Pasé dos días en la clínica para controlar una pequeña hemorragia y una infección que no gustaban a los médicos. Querían que me quedara una semana, pero yo no opinaba lo mismo. Me despedí y volví a casa en taxi. Mi madre me recibió en la puerta. Tenía una pluma en la mano, un sobre de color marrón claro en la otra, y las gafas de leer en el extremo de la nariz.
– Olivia, ¿qué demonios…? -dijo-. El médico me dijo que…
– Necesito dinero para el taxi -contesté, y dejé que se ocupara de ello mientras yo entraba en el comedor y me servía una copa. Me quedé junto al bufete y pensé muy seriamente en lo que iba a hacer a continuación. No con mi vida, sino con la noche.

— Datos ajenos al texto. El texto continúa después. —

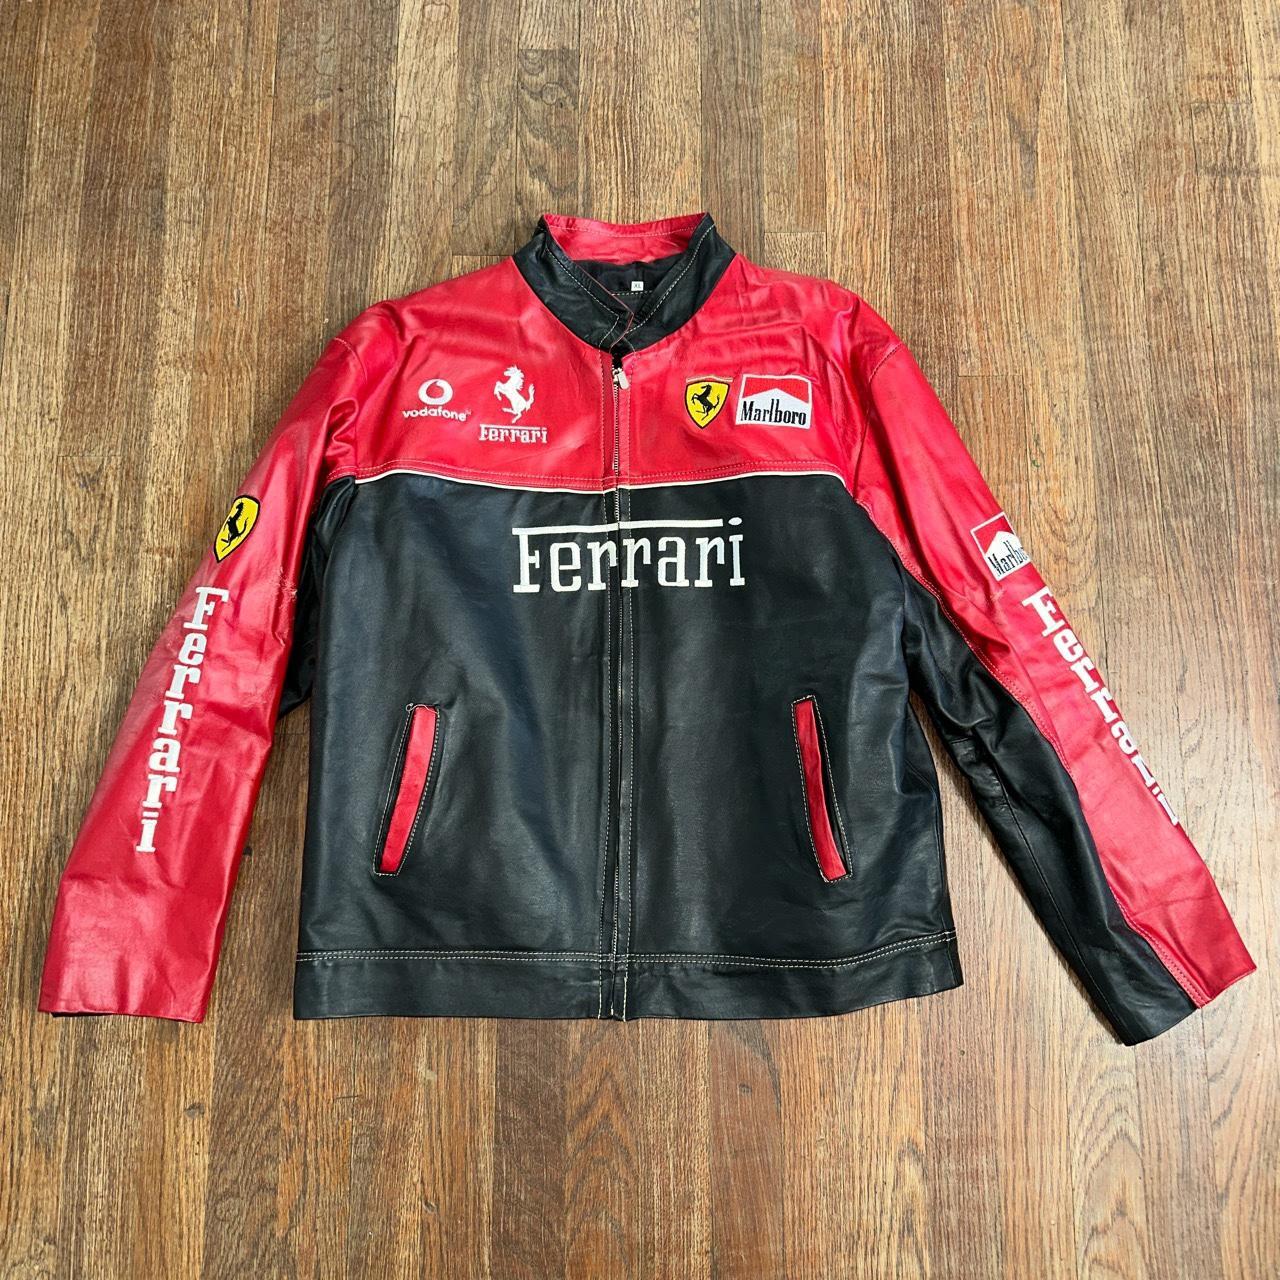 Vintage Nascar leather Red Bull biker jacket. Red, - Depop

Engullí una ginebra. Me serví otra. Oí que la puerta principal se cerraba. Los pasos de mi madre se acercaron por el pasillo y se detuvieron en el umbral del comedor. Habló a mi espalda.
– El doctor me habló de una hemorragia. De una infección.
– Están controladas.
Di vueltas a la ginebra en el vaso.
– Olivia, me gustaría aclarar que no fui a verte porque dijiste que no me querías allí.
– Tienes razón, Miriam.
Di unos golpecitos con la uña al cristal, y observé que el sonido aumentaba en profundidad cuando subía desde el fondo hasta el borde, al contrario de lo que cabía esperar.
– Como no pudiste volver a casa la misma noche, tuve que decirle algo a tu padre para que…
– ¿Es incapaz de asumir la verdad?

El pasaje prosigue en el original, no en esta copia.